# [Data shown]
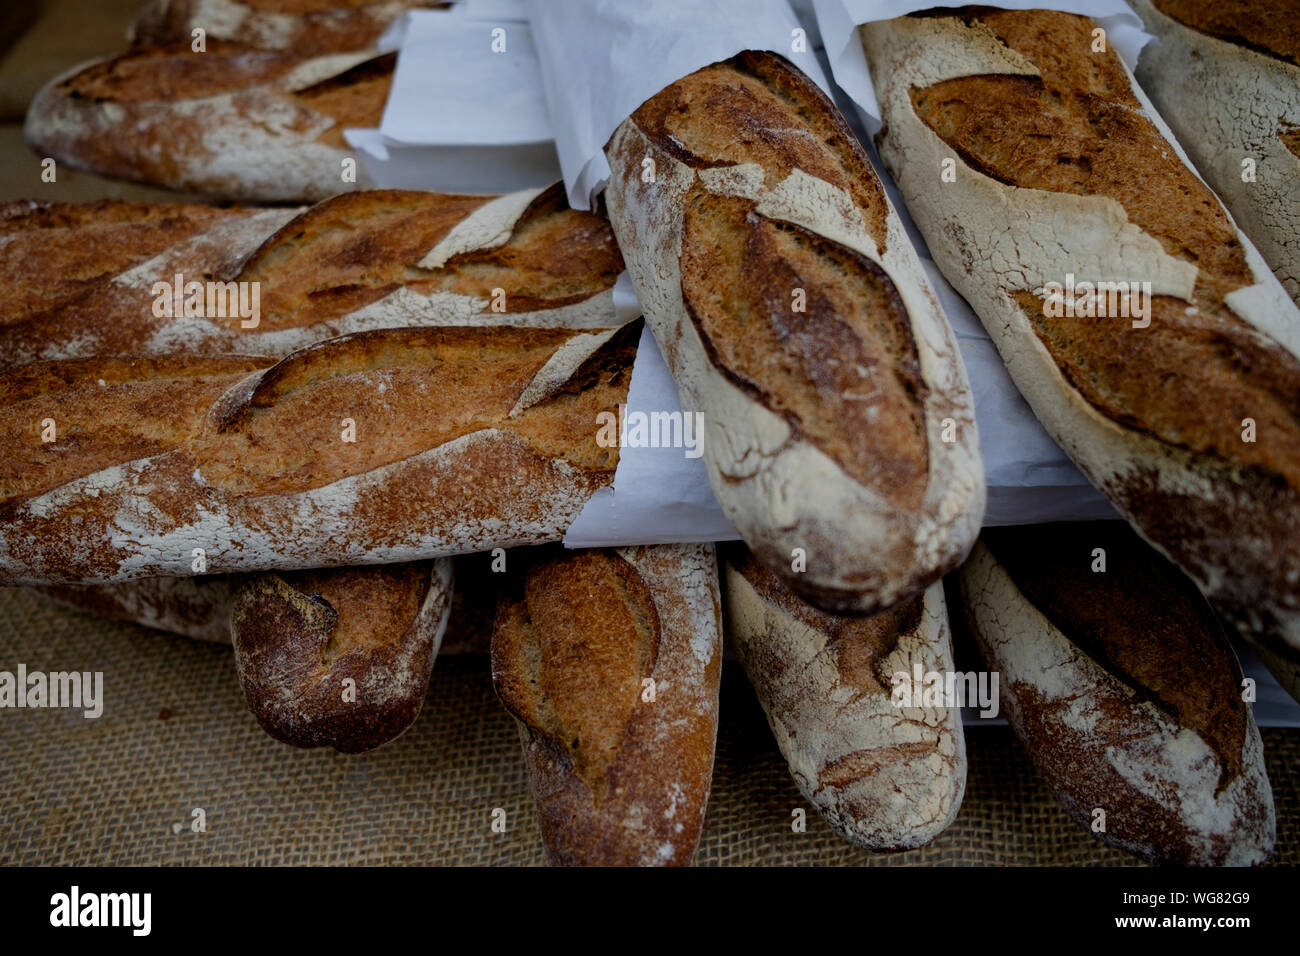 Loaves Of Bread On Burlap Stock Photo
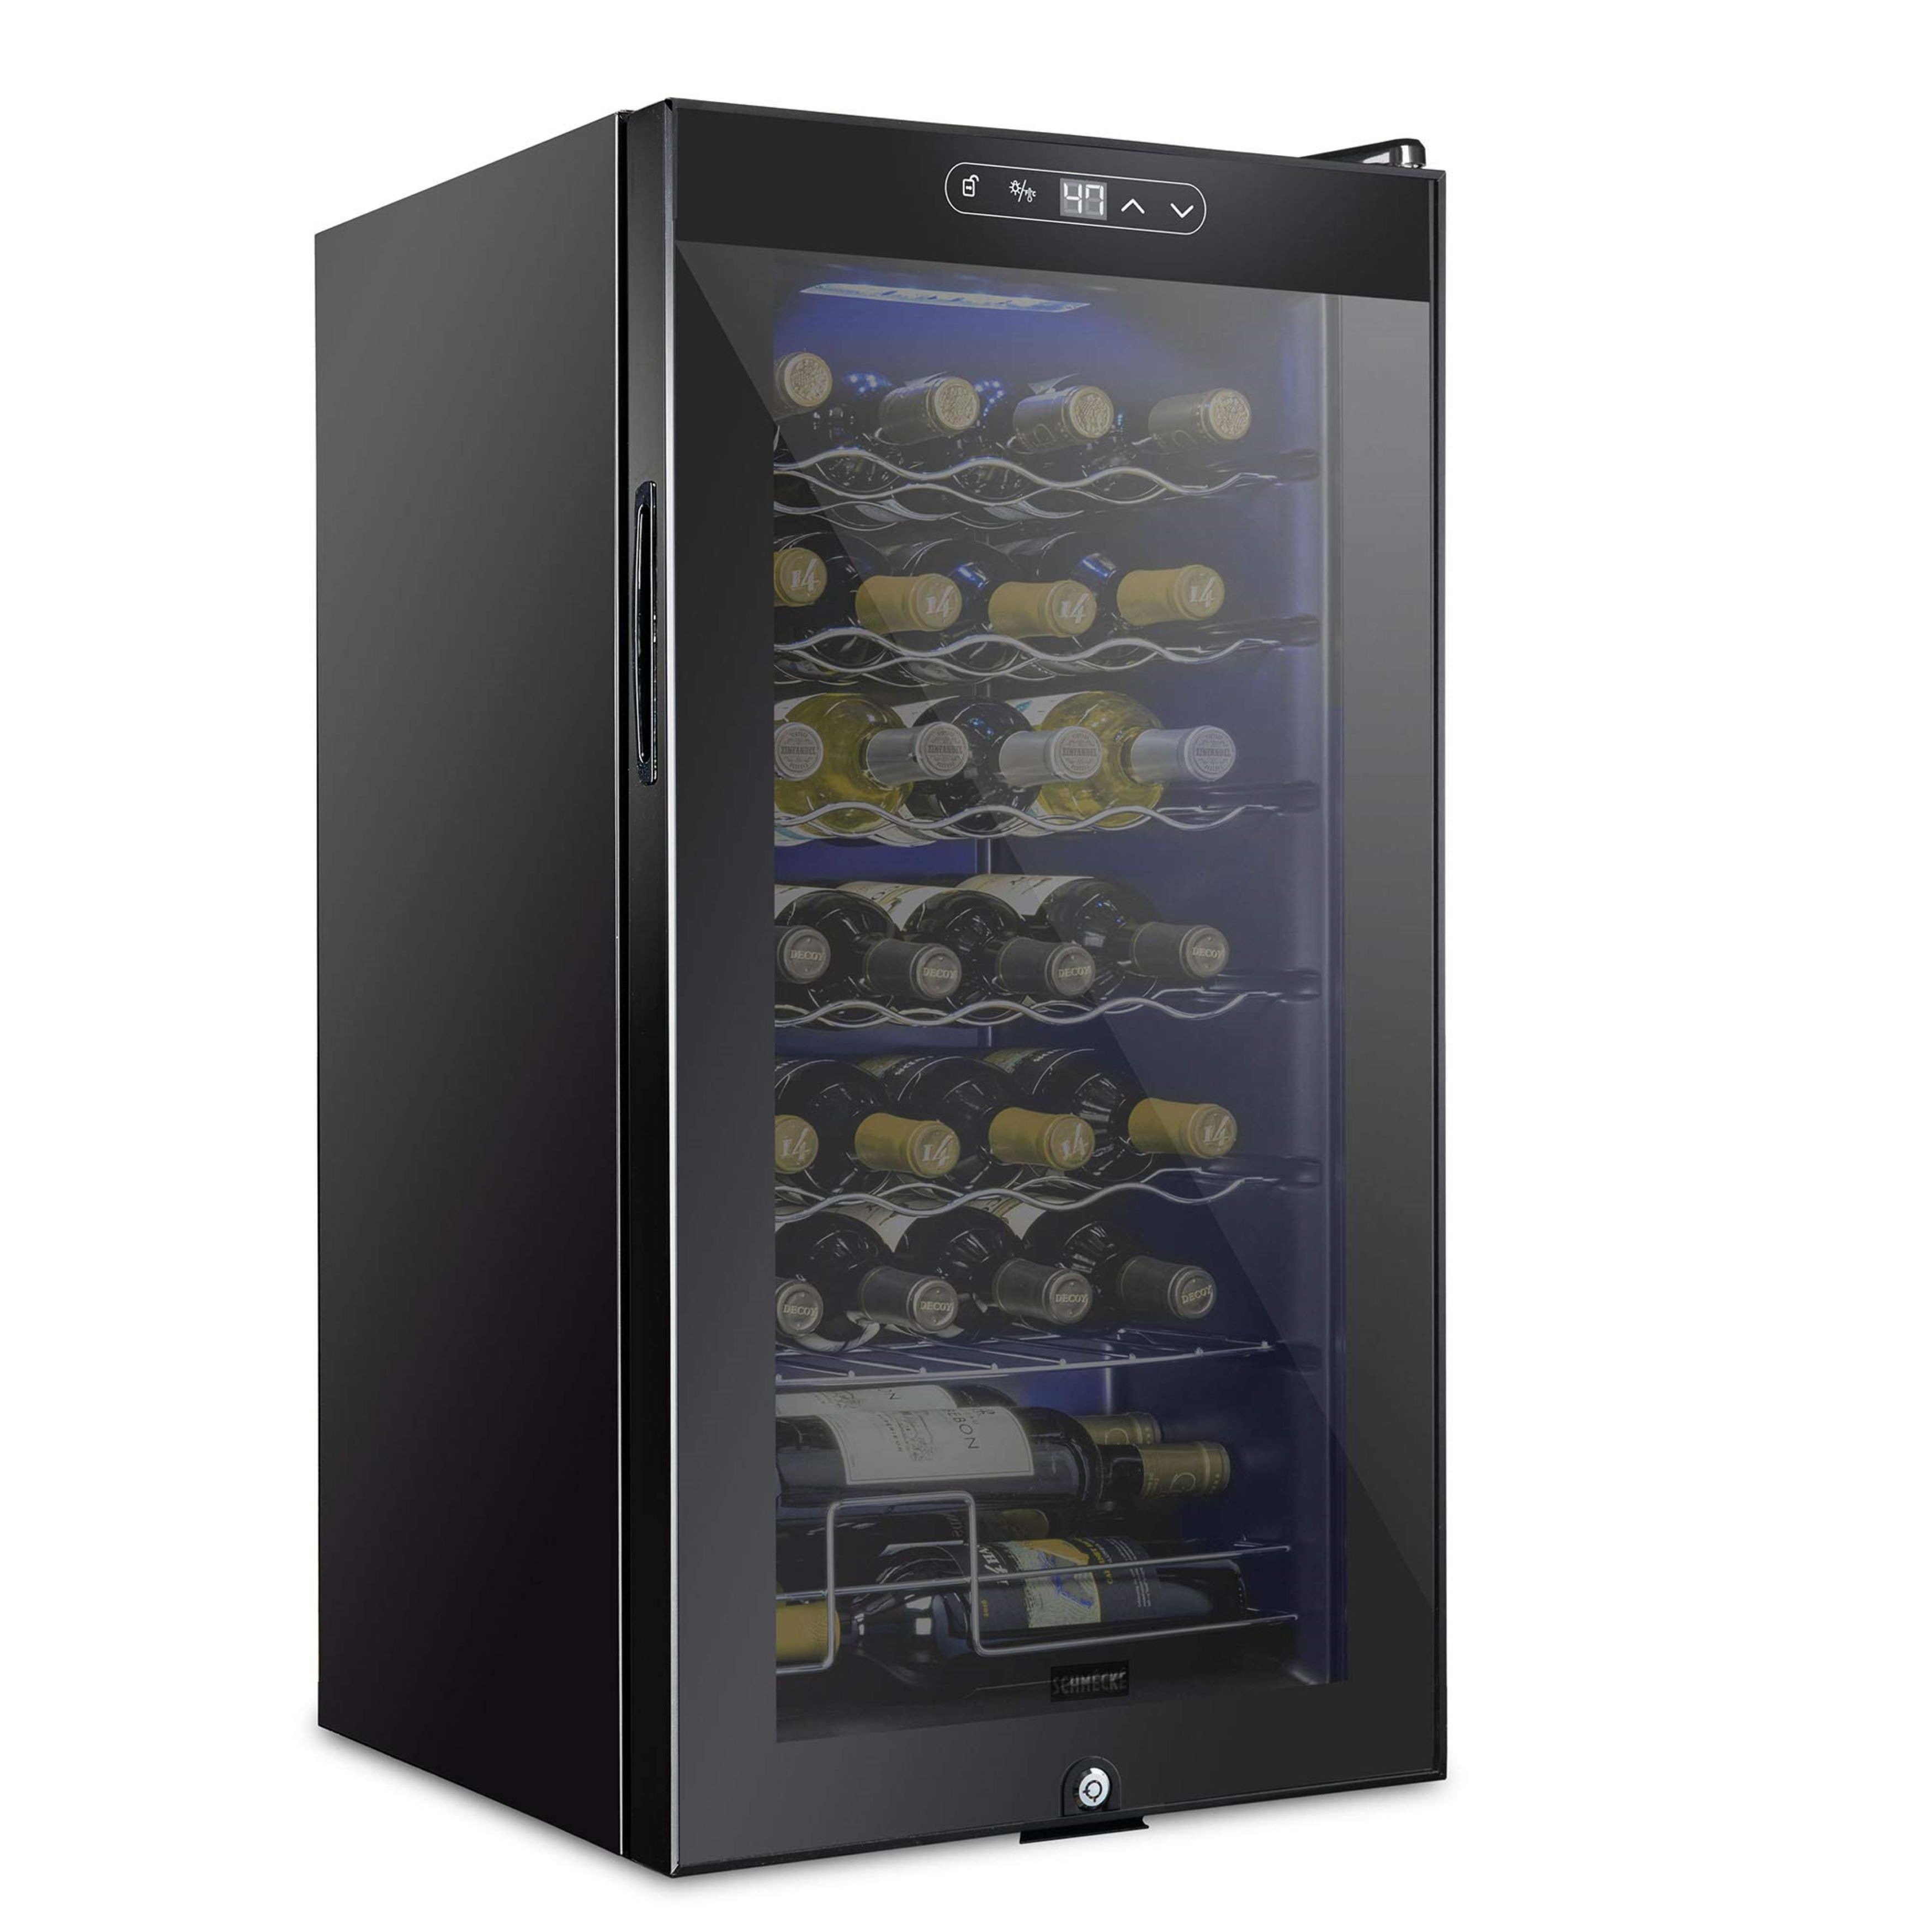 Schmecke Thermoelectric 10-Bottle Free Standing Wine Cooler - Stainless Steel
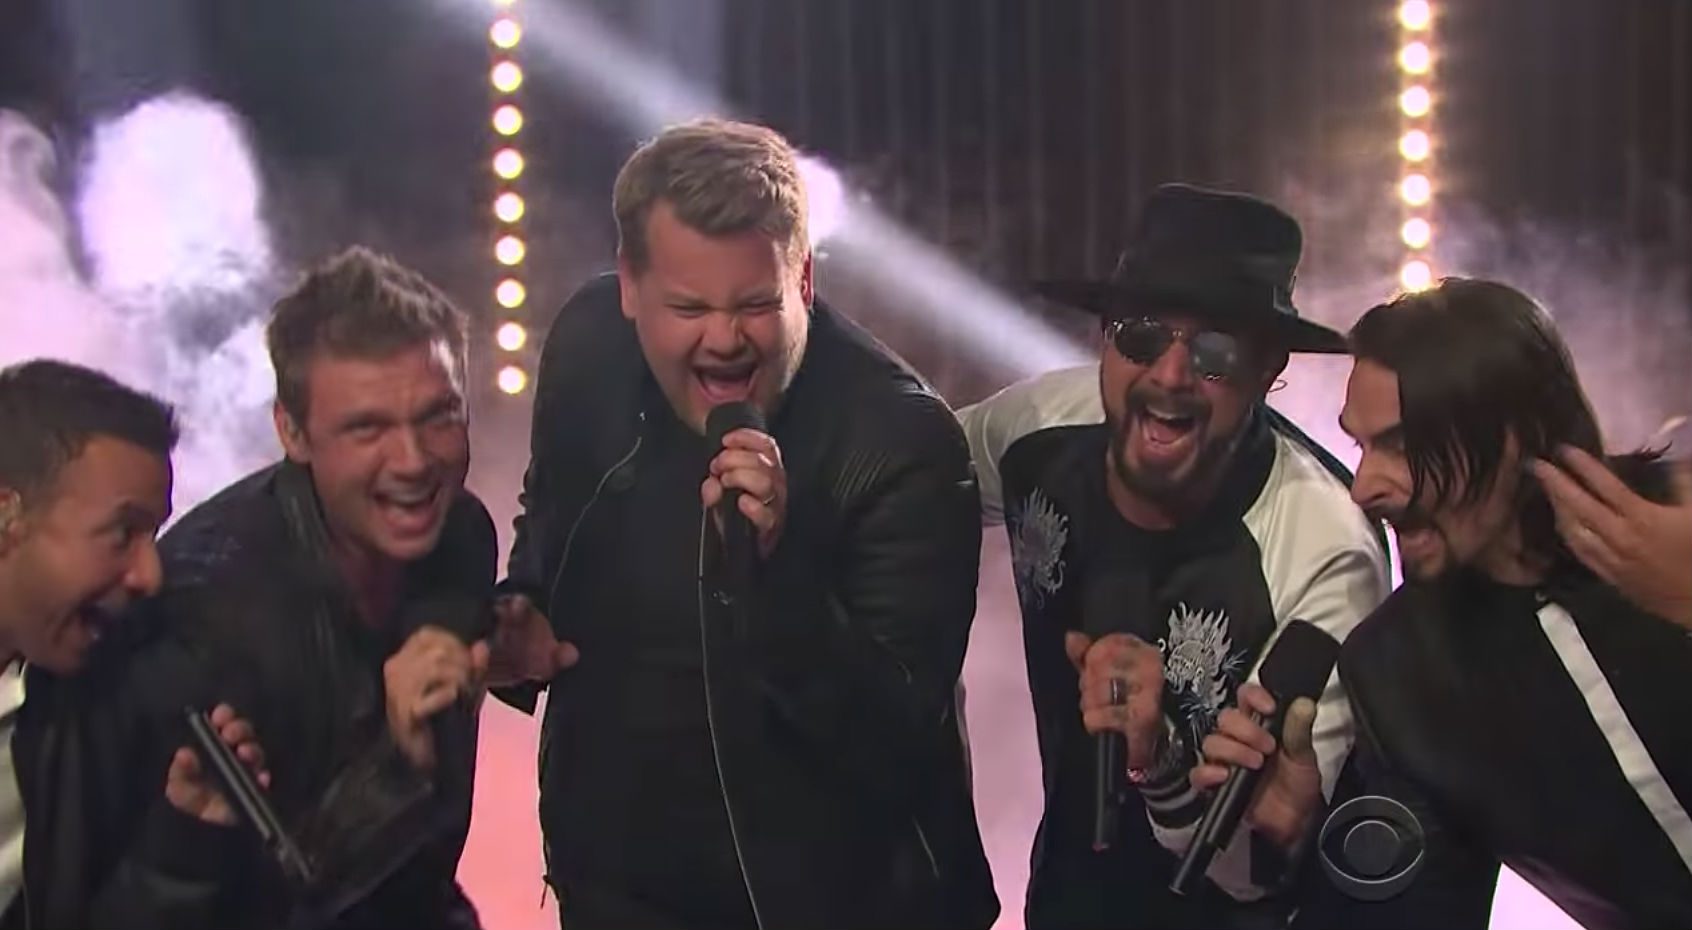 WATCH: James Corden performs ‘Everybody’ with the Backstreet Boys

# [Prompt]
Without the pictures, print the whole listing exactly as given.

# [Written response]
 Loaves Of Bread On Burlap Stock Photo
 Schmecke Thermoelectric 10-Bottle Free Standing Wine Cooler - Stainless Steel
 WATCH: James Corden performs ‘Everybody’ with the Backstreet Boys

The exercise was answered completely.